Feature importance

The following types of feature importance files are created depending on the task and the execution parameters:

Regular feature importance

Contains

The individual importance values for each of the input features (the default feature importances calculation method for non-ranking metrics).

Possible values:

Format

  • The rows are sorted in descending order of the feature importance value.

  • Each row contains information related to one feature.

    Format:

    <feature strength><\t><feature name>
    
    • feature strength is the value of the of the regular feature importance.
    • feature name is the zero-based index of the feature.
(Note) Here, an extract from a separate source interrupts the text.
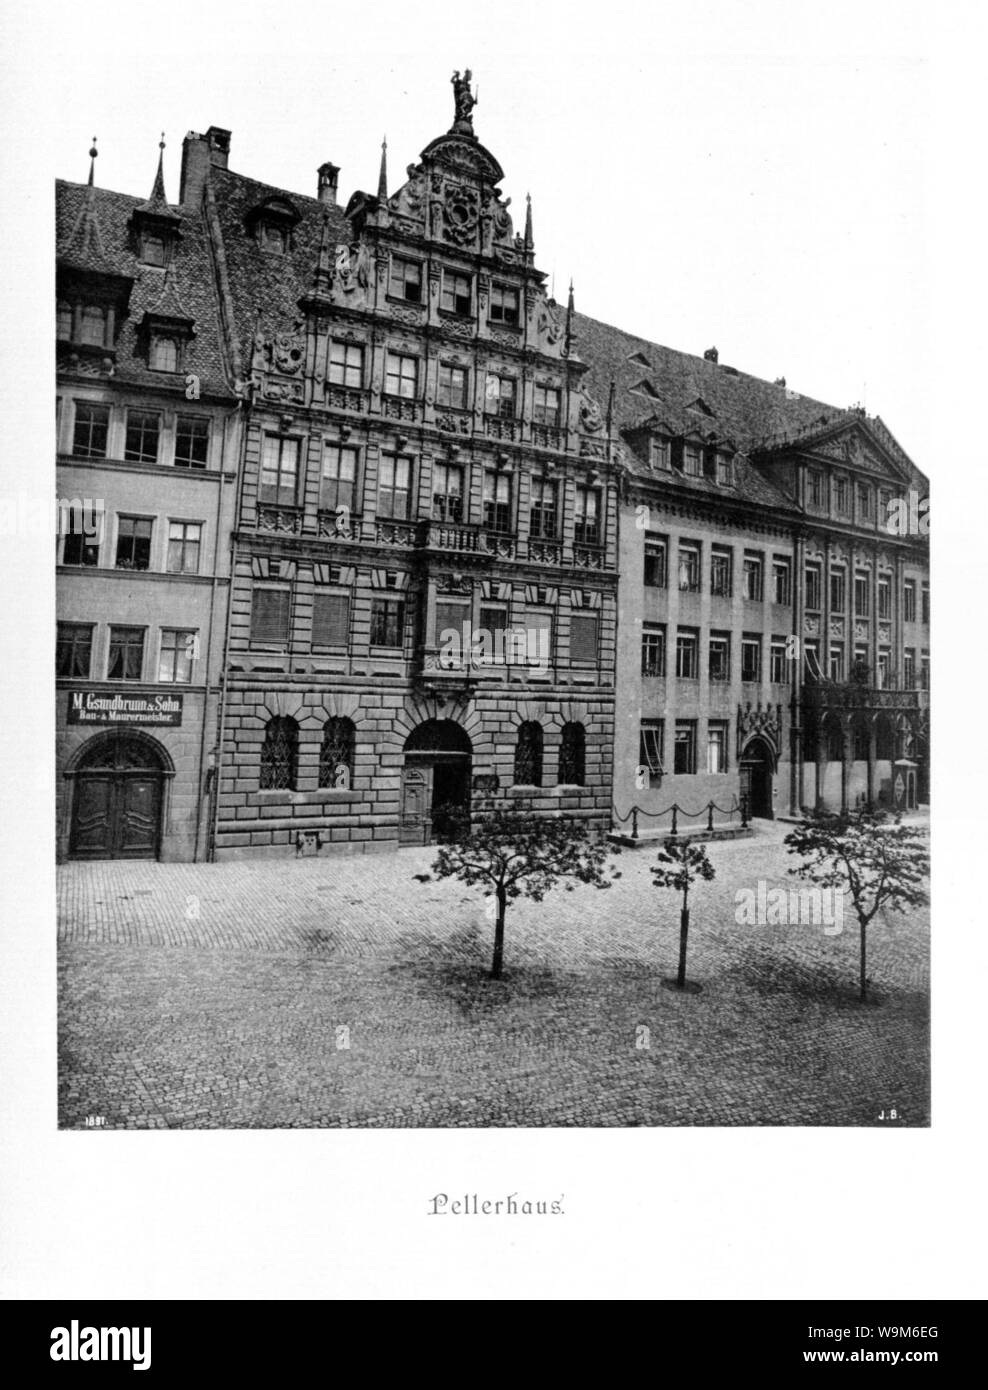 Die Baudenkmäler der Stadt Nürnberg 021 Pellerhaus. Stock Photo

    An alphanumeric identifier is used instead if specified in the corresponding Num or Categ column of the input data.

    For example, let's assume that the columns description file has the following structure:

    0<\t>Label value<\t>
    1<\t>Num
    2<\t>Num<\t>ratio
    3<\t>Categ
    4<\t>Auxiliary
    5<\t>Num
    

    The input dataset description file contains the following line:

    120<\t>80<\t>0.8<\t>rock<\t>some useless information<\t>12
    

    The table below shows the compliance between the given feature values and the feature indices.

Feature value Feature index or name
80 0
0.8 ratio
rock 2
12 3

Example

8.4 <\t> 2
5.5 <\t> 0
2.6 <\t> 3
1.5 <\t> ratio

InternalFeatureImportance

Contains

The importance values both for each of the input features and for their combinations (if any).

Format

  • The rows are sorted in descending order of the feature importance value.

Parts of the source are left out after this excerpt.